Proceedings of The Physiological Society

University College Dublin (2009) Proc Physiol Soc 15, PC73

Poster Communications

Validating the Human Patient Simulator (HPS) as an educational tool: determining the relationship between alveolar ventilation and the alveolar partial pressure of carbon dioxide.

E. Lloyd1,2, G. Coverdale1, A. Thompson1, R. Helyer1,2

1. Department of Physiology and Pharmacology, University of Bristol, Bristol, United Kingdom. 2. AIMS Centre for Excellence in Teaching & Learning, University of Bristol, Bristol, United Kingdom.

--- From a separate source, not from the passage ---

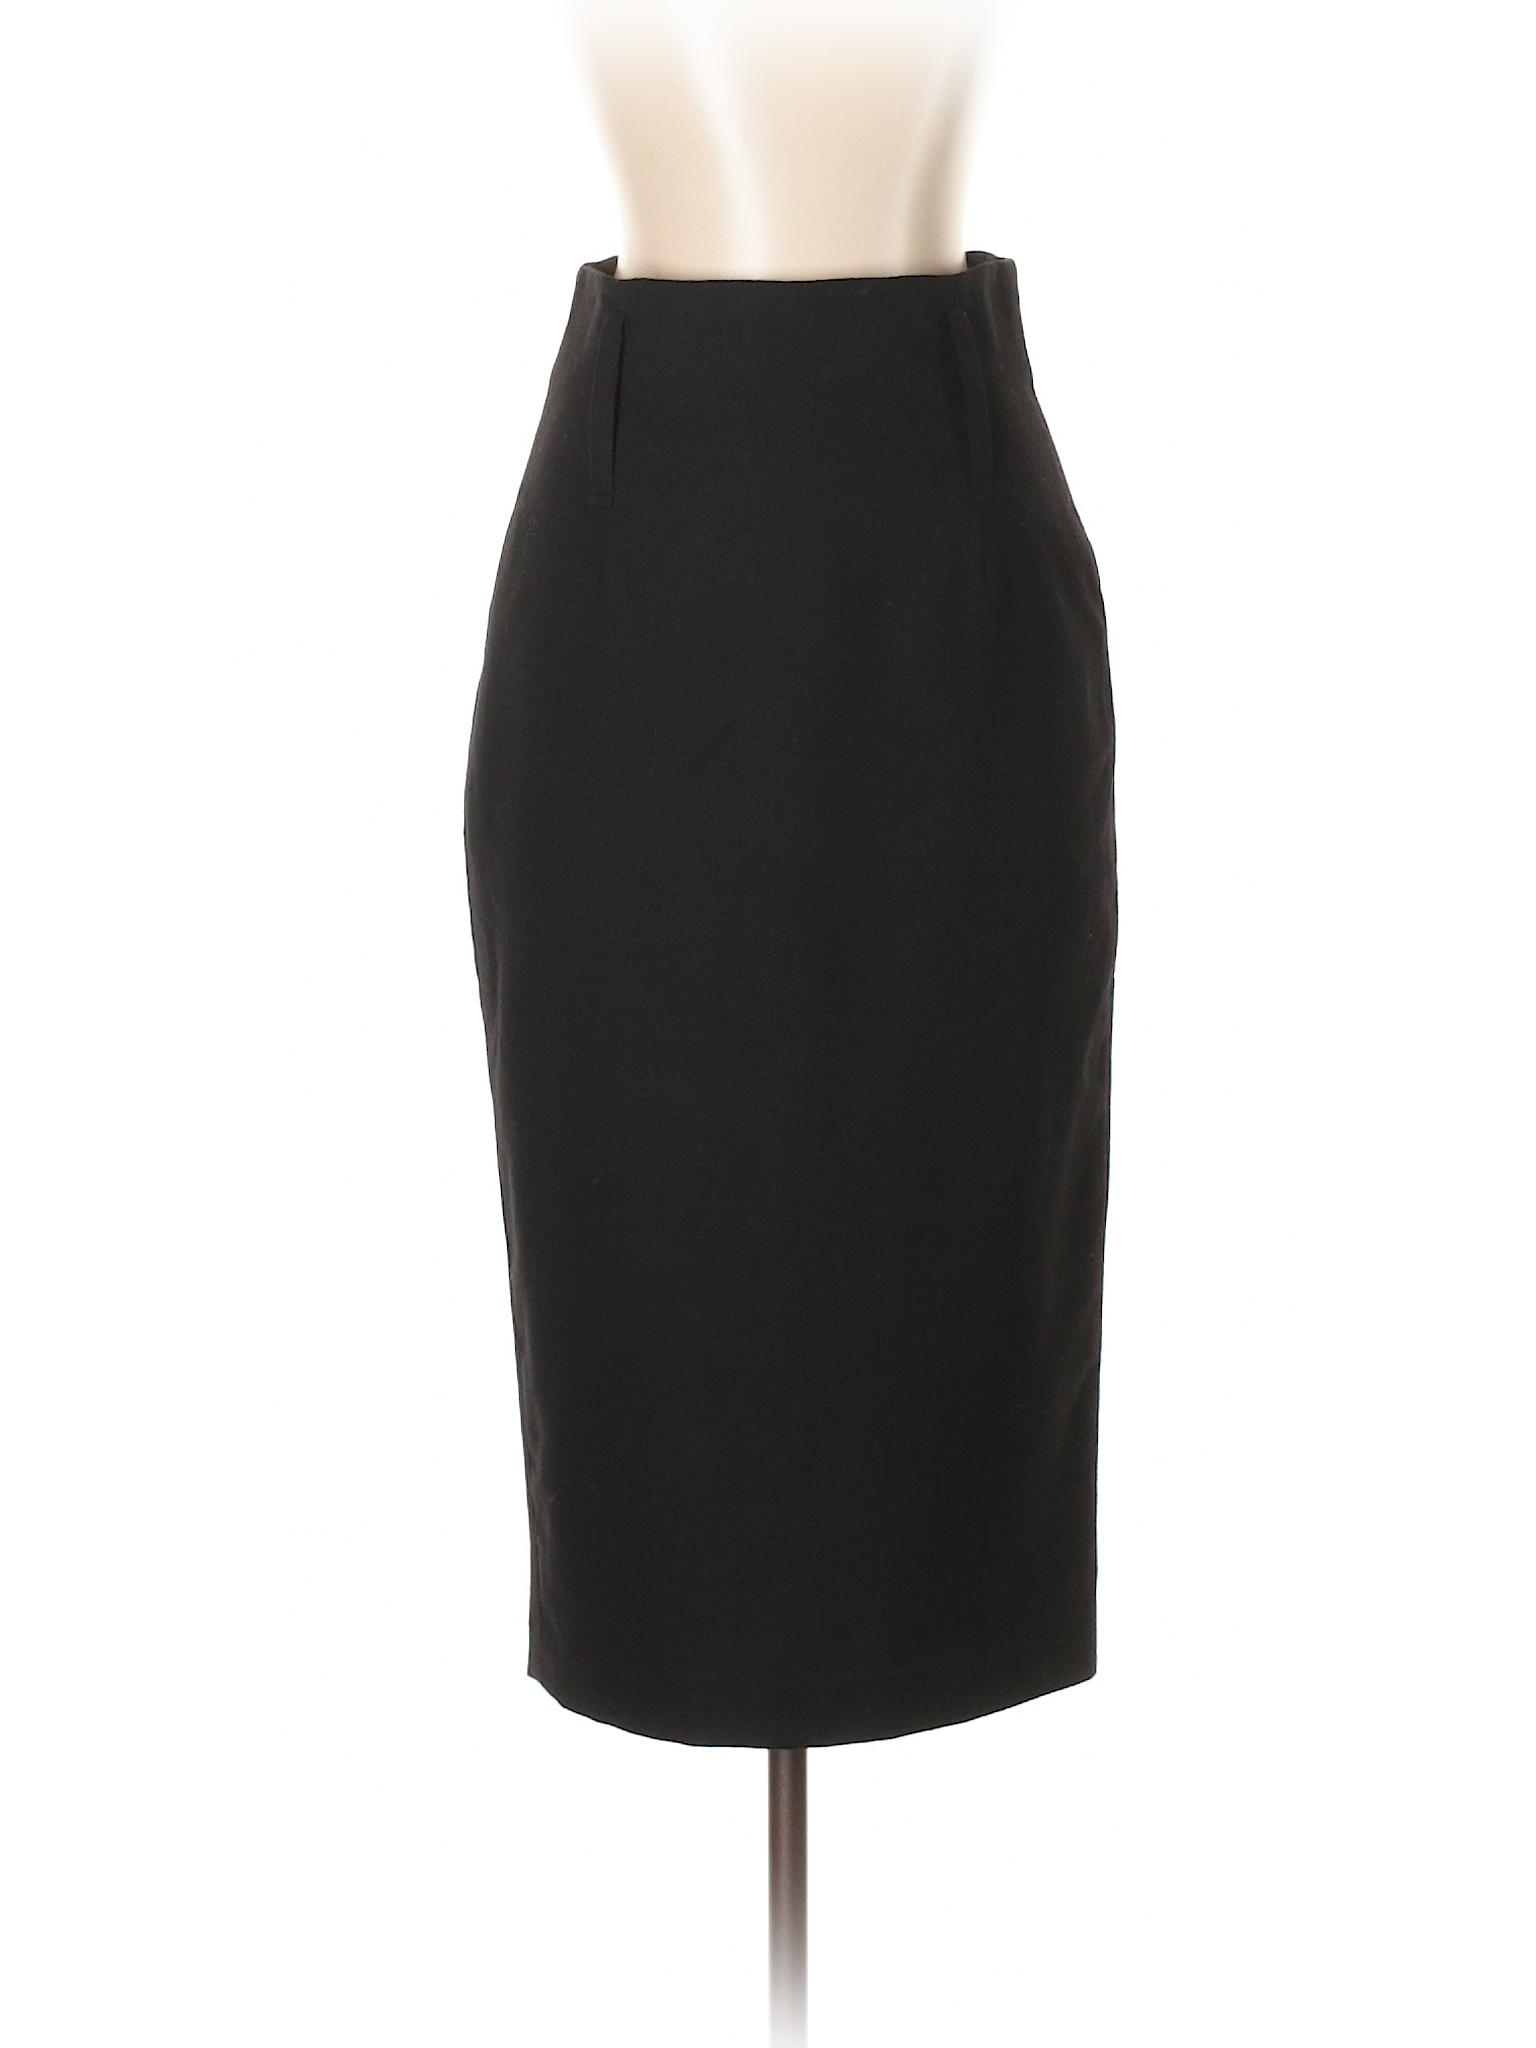 Skirt Wool Rodriguez leisure Boutique Robert qxnpCwS

The inversely proportional relationship between alveolar ventilation (VA) and the alveolar partial pressure of carbon dioxide (PACO2) is a fundamental principle of respiratory physiology and the practice of anaesthesia. PACO2 = Vco2 x K/VA where K is a constant and Vco2 is the rate of production of carbon dioxide (equation 1). The Human Patient Simulator (HPS) was developed by anaesthetists for trainees to learn about the clinical practice of anaesthesia in a safe environment. The aim of this study was to determine how PACO2 varies with alveolar ventilation in the HPS. The manikin was intubated under complete neuromuscular blockade and connected to a mechanical ventilator (Siemens 900C Servo Ventilator) set to deliver 21% Oxygen. The minute volume (VM) was adjusted by altering the respiratory rate and tidal volume and PACO2 was recorded after 20 minutes. Physiological dead space was determined using the Bohr method and used to calculate alveolar ventilation (alveolar ventilation = [tidal volume - physiological dead space] x respiratory rate) (equation 2). The relationship between alveolar ventilation and the PACO2 in the HPS showed good correspondence with the theoretical relationship predicted by the alveolar ventilation equation (equation 1). The limitations of the study include the assumptions that the rate of carbon dioxide production remained constant throughout the experiment and that twenty minutes was sufficient to achieve a new steady state following a change in minute volume. We conclude that the HPS is a valid educational tool for demonstrating the effects of hypoventilation and hyperventilation upon PACO2 under conditions of external mechanical ventilation with 100% neuromuscular blockade.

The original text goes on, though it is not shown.